GOAL OF THE EXERCISE:
An exact repeat is needed of the lines from the one with "sfondi reggae per twitter" through the last line of the data below. Please omit the pictures.

MATERIAL PROVIDED:

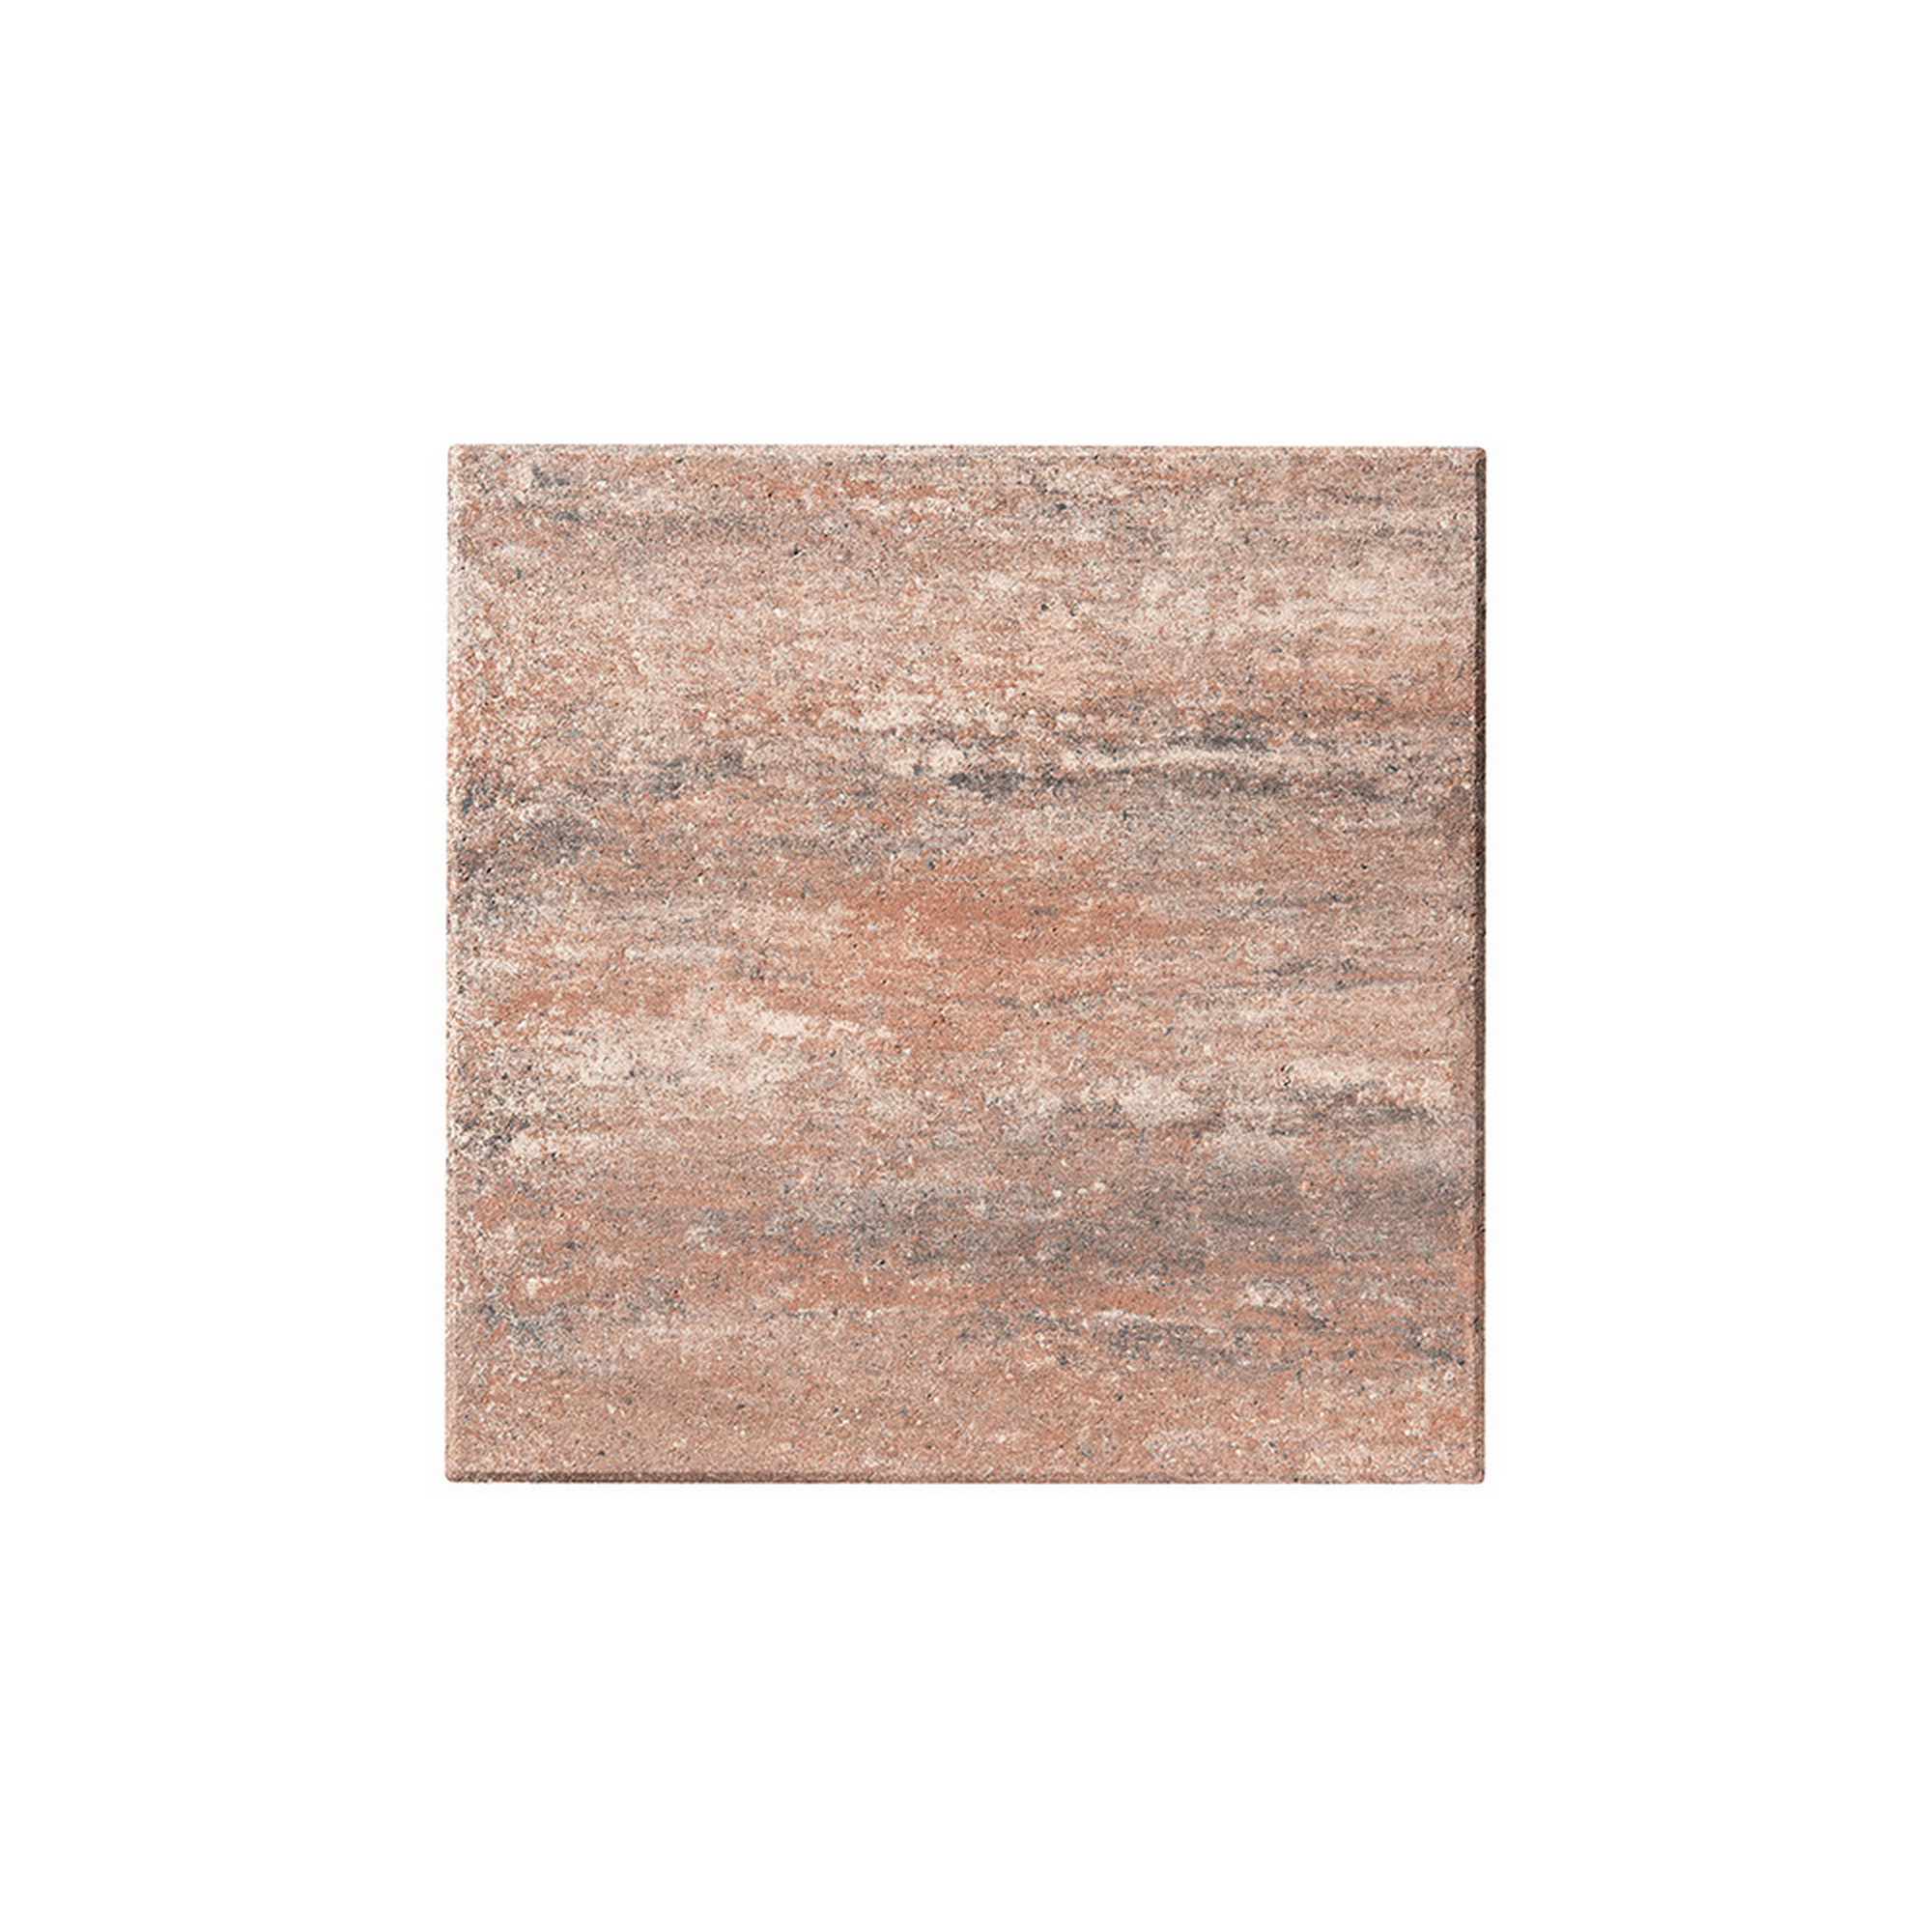 Terrassenplatte 'T-Court Live' Beton muschelbeige 40 x 40 x 4 cm + product picture
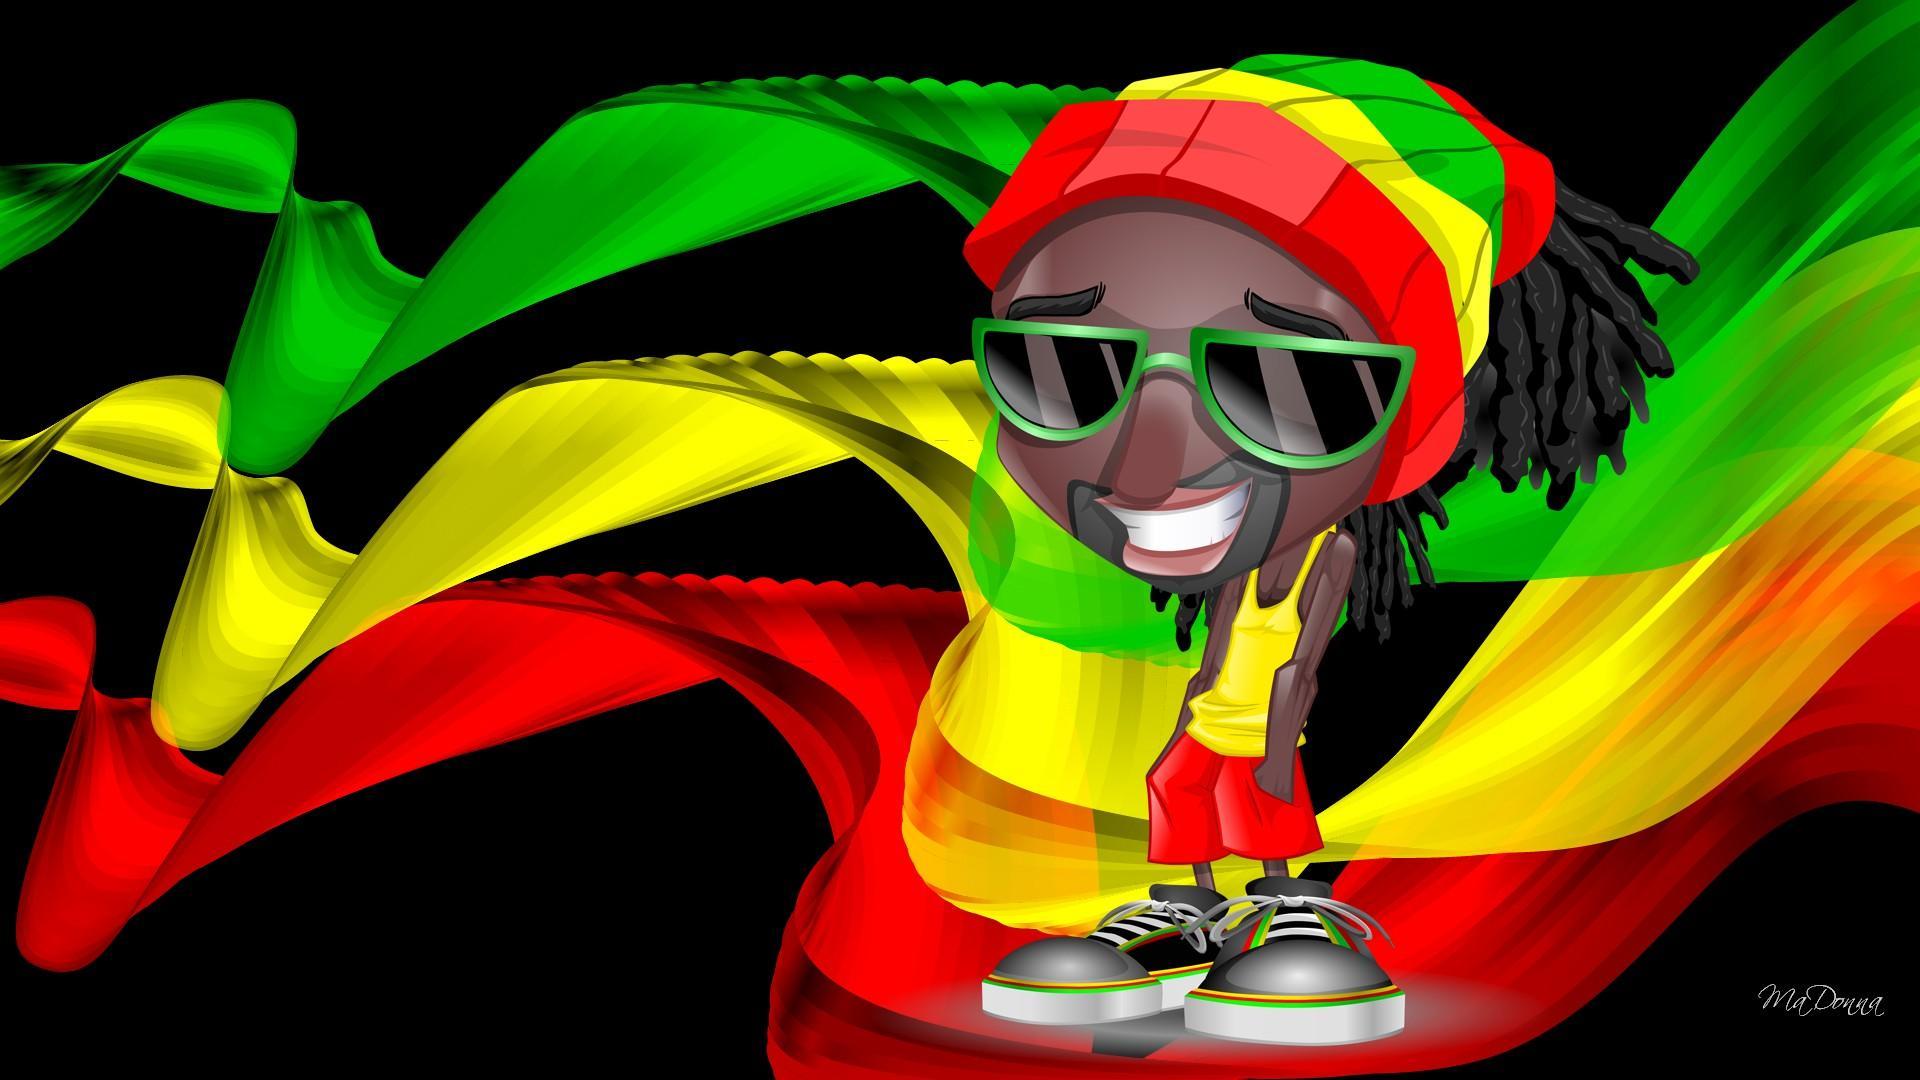 sfondi reggae per twitter
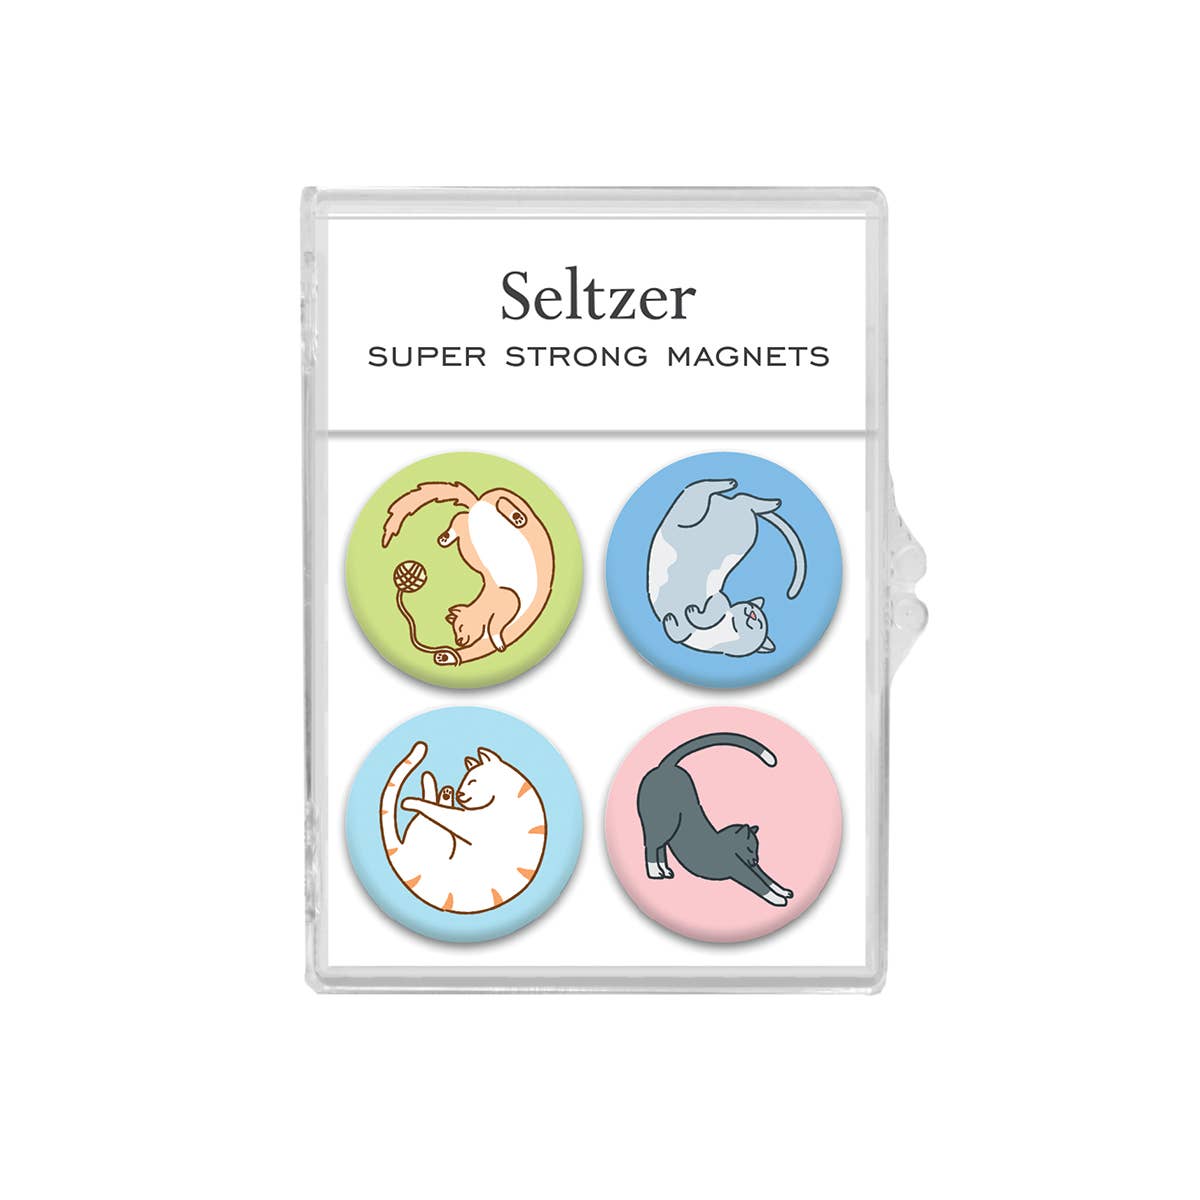 Seltzer Goods - Curled Cat Magnet Set

OUTPUT FOR THIS EXERCISE:
 sfondi reggae per twitter
 Seltzer Goods - Curled Cat Magnet Set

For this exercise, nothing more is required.